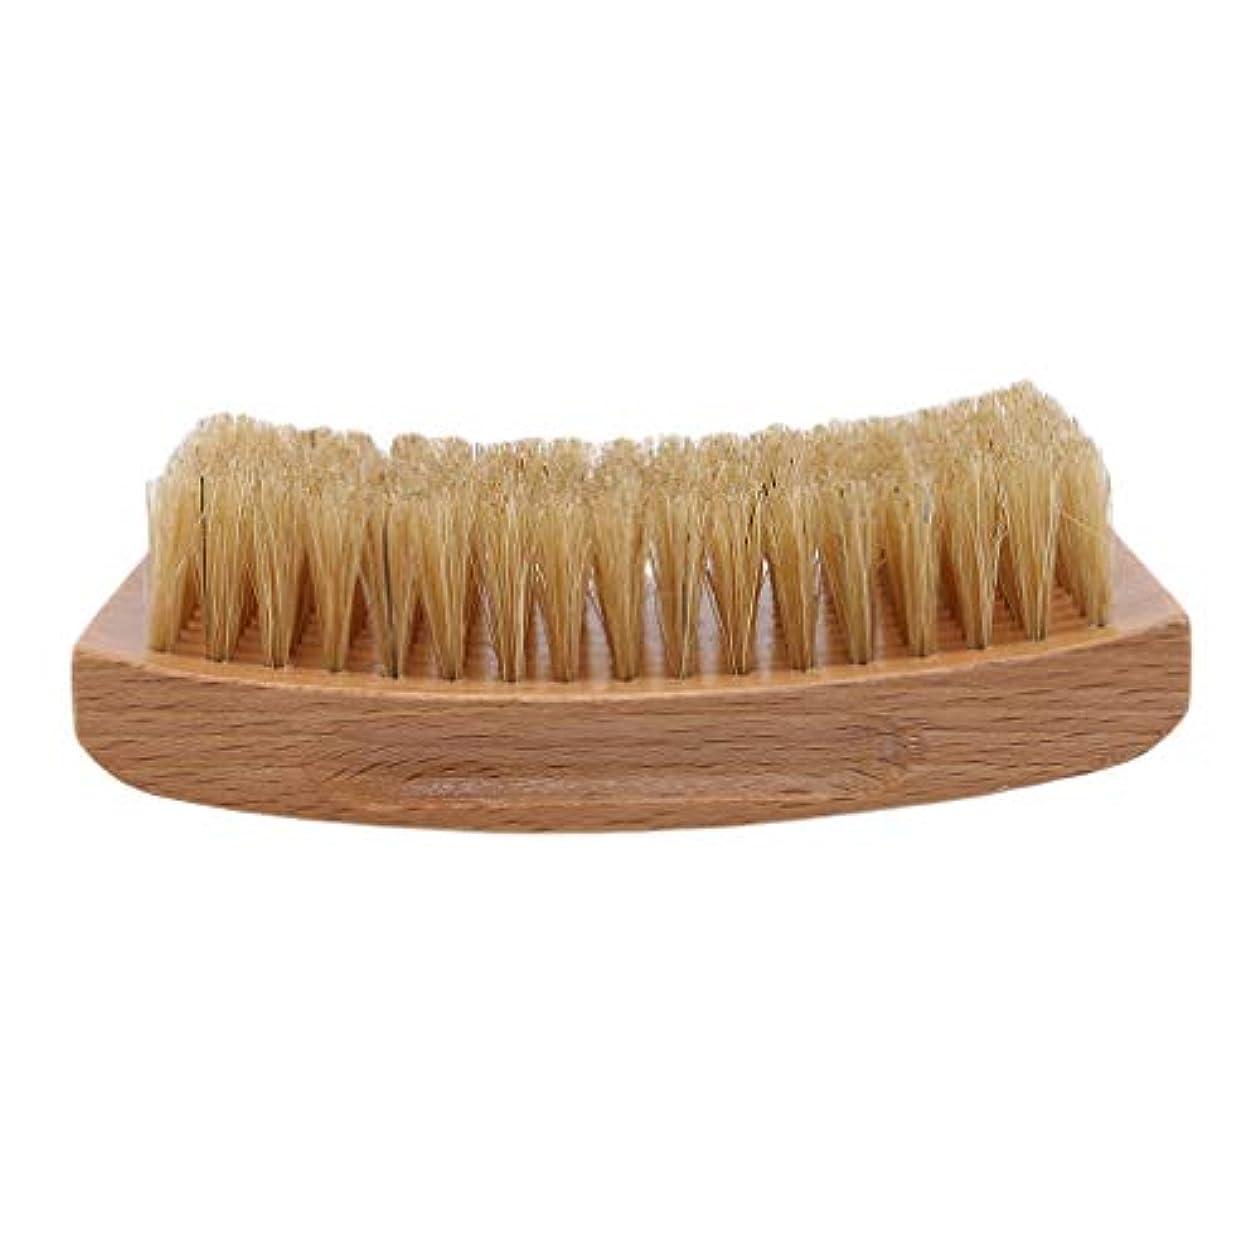 不満比喩ミルLargesoy ひげブラシ シェービングブラシ 理容 洗顔 髭剃り 泡立ち ひげ剃り 美容ツール シェービング用アクセサリー 1#
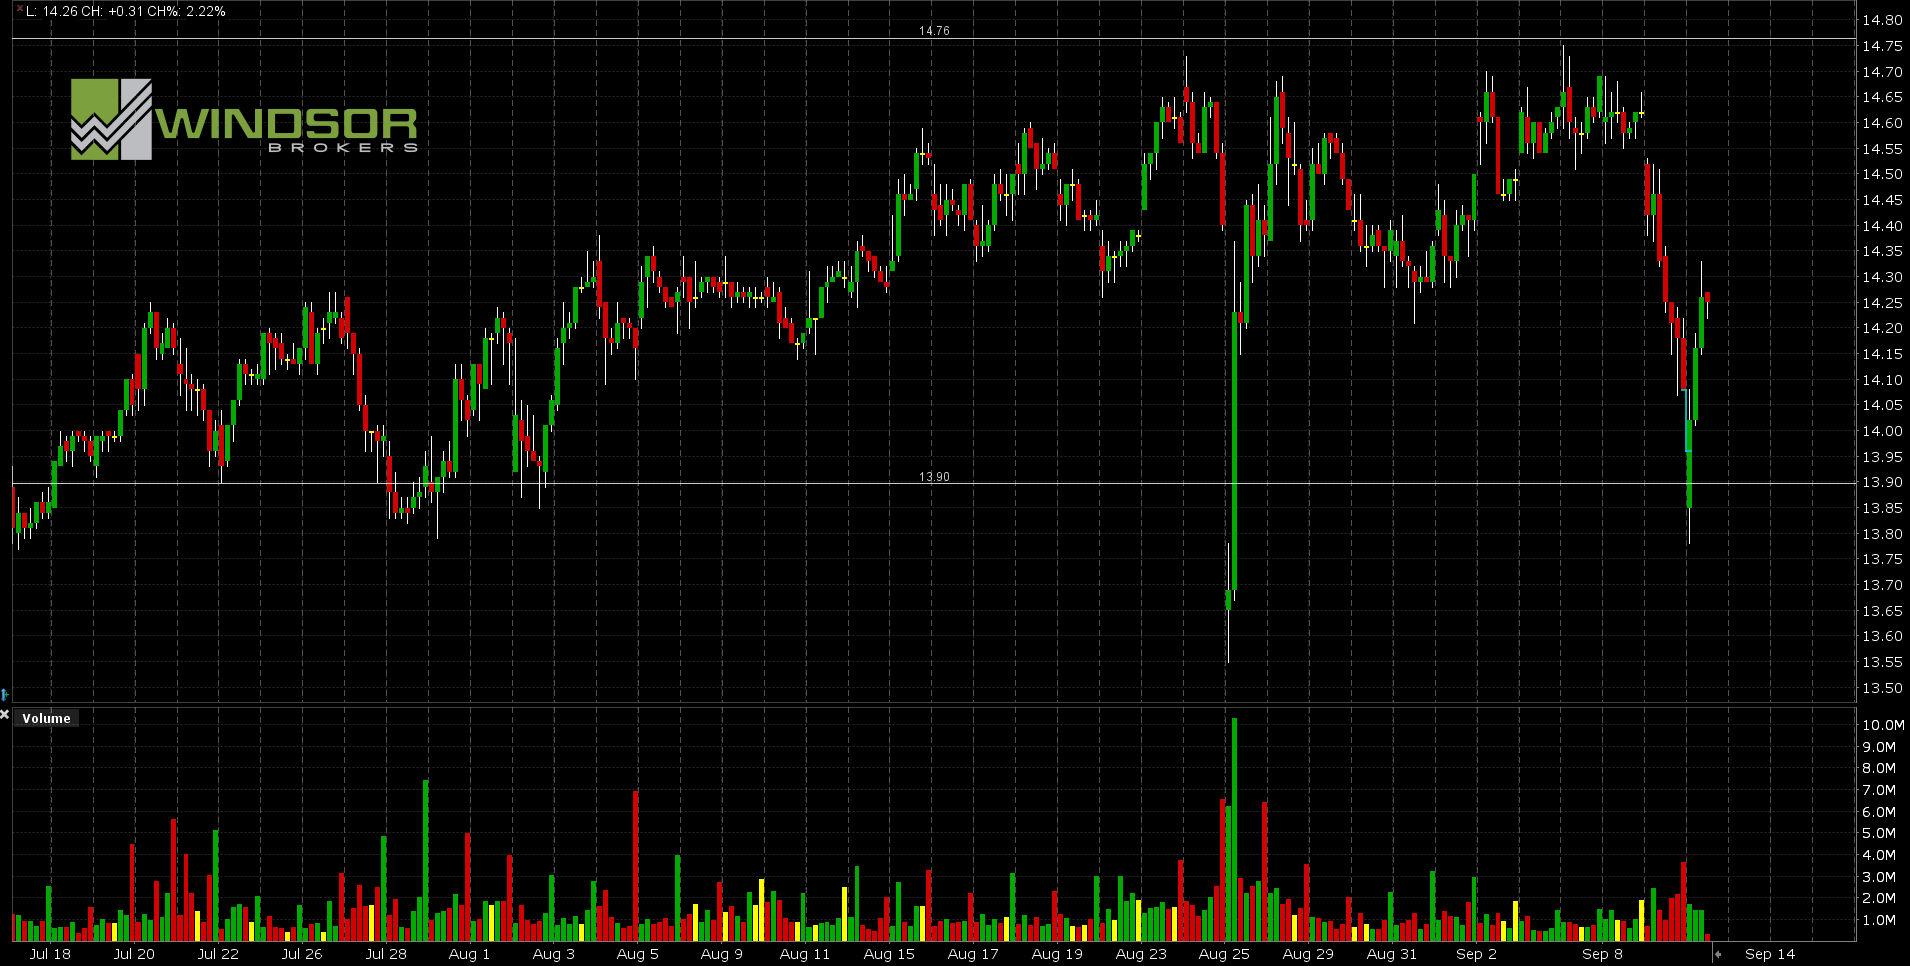 Wykres HPQ dla interwału H1. All Markets Online.
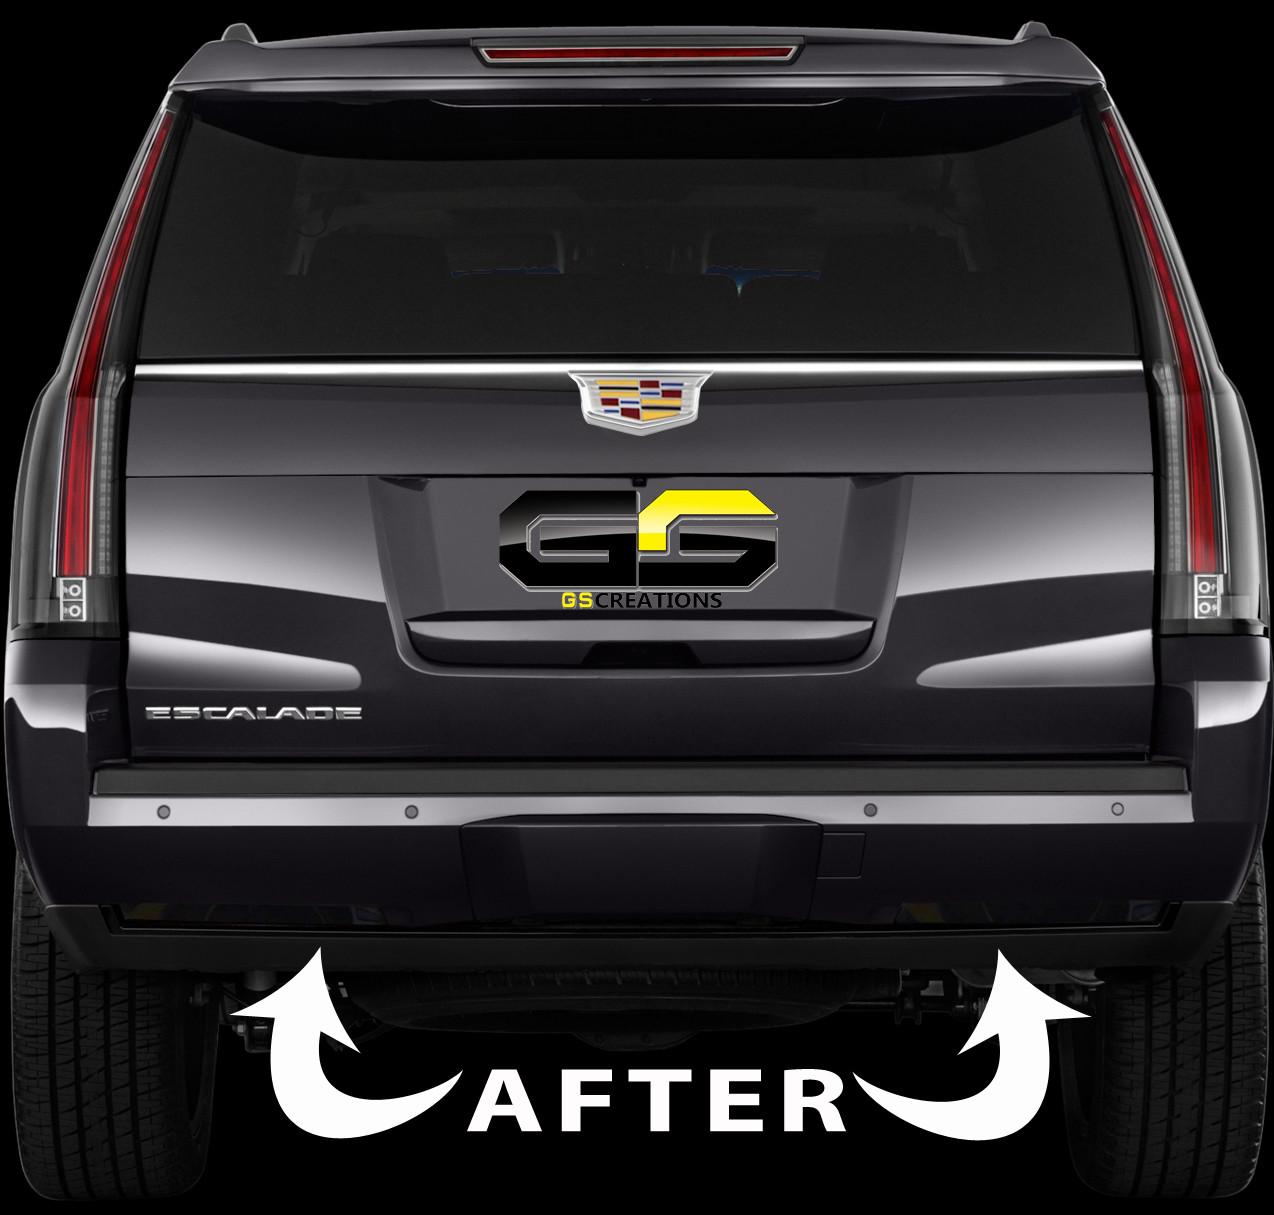 6Th Gen Camaro >> 2015 - 2018 Cadillac Escalade Rear Bumper Reflector Blackout Lens Cover Kit - GScreations
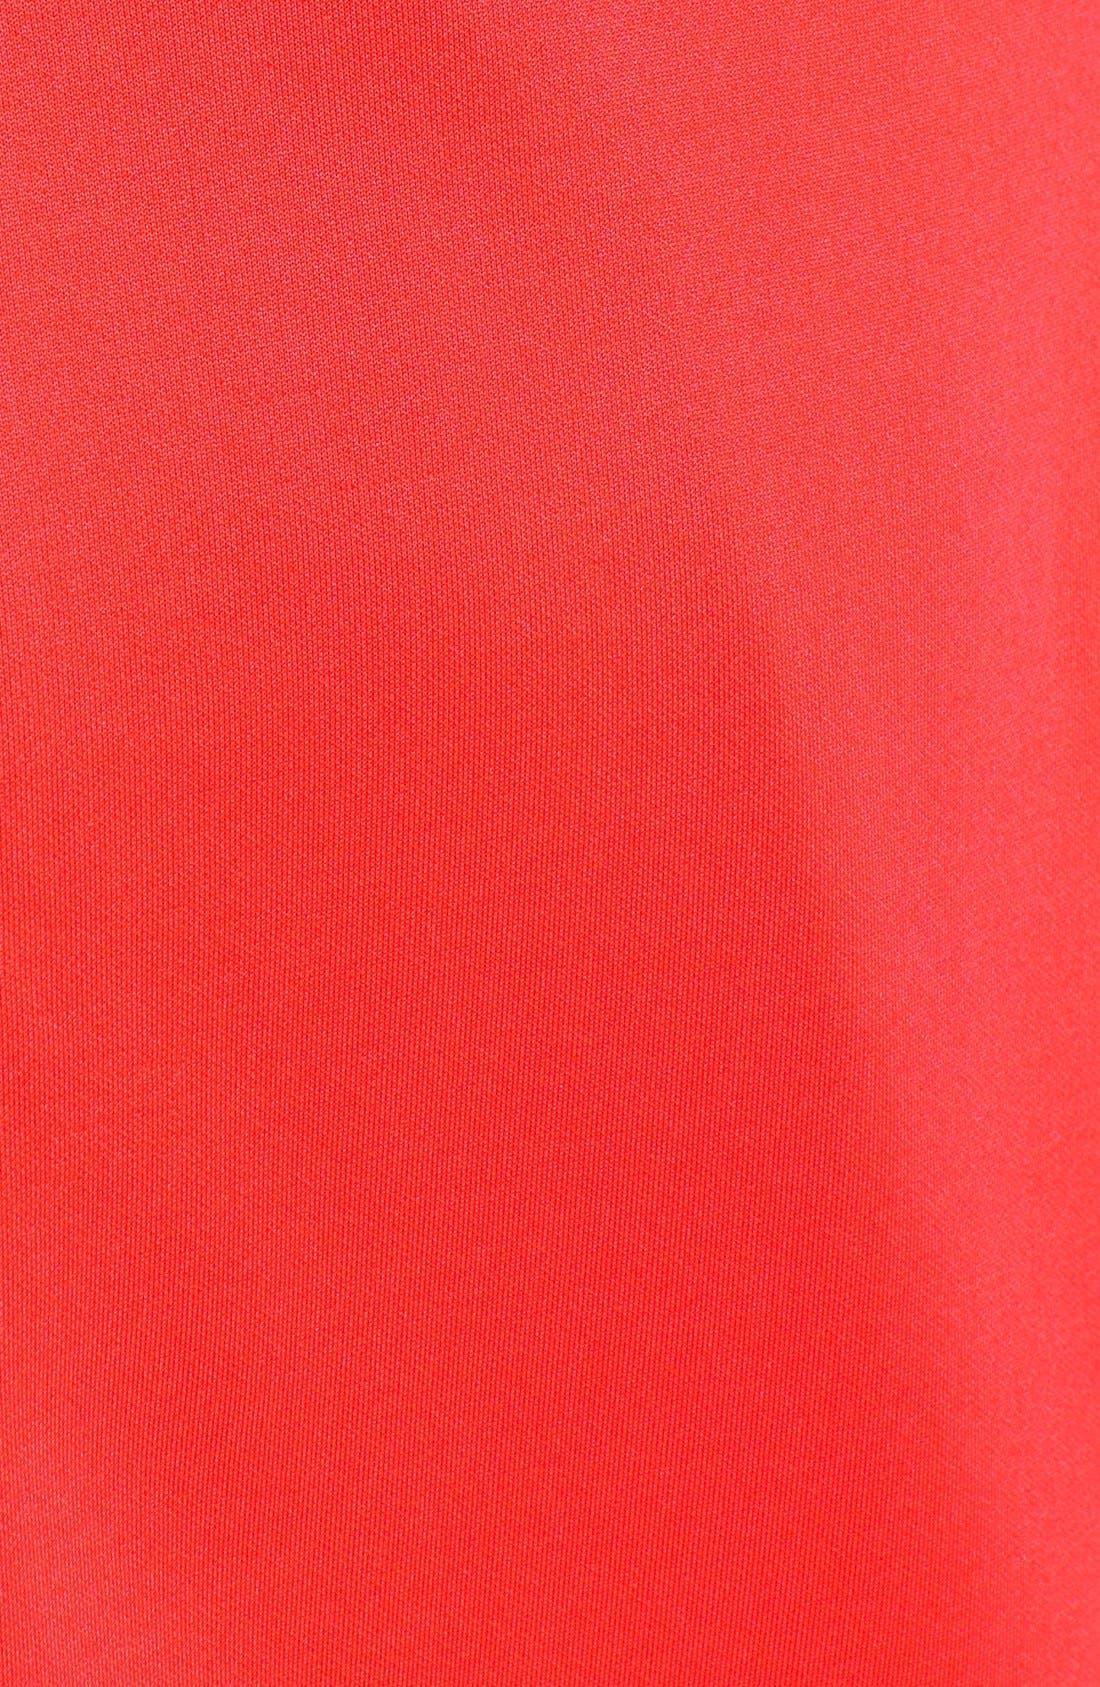 Alternate Image 4  - Jessica Simpson Cutout Back Scuba Sheath Dress
***
Provide the listing above once more, exactly, with the pictures removed.

 不満比喩ミルLargesoy ひげブラシ シェービングブラシ 理容 洗顔 髭剃り 泡立ち ひげ剃り 美容ツール シェービング用アクセサリー 1#
 Wykres HPQ dla interwału H1. All Markets Online.
 6Th Gen Camaro >> 2015 - 2018 Cadillac Escalade Rear Bumper Reflector Blackout Lens Cover Kit - GScreations
 Alternate Image 4  - Jessica Simpson Cutout Back Scuba Sheath Dress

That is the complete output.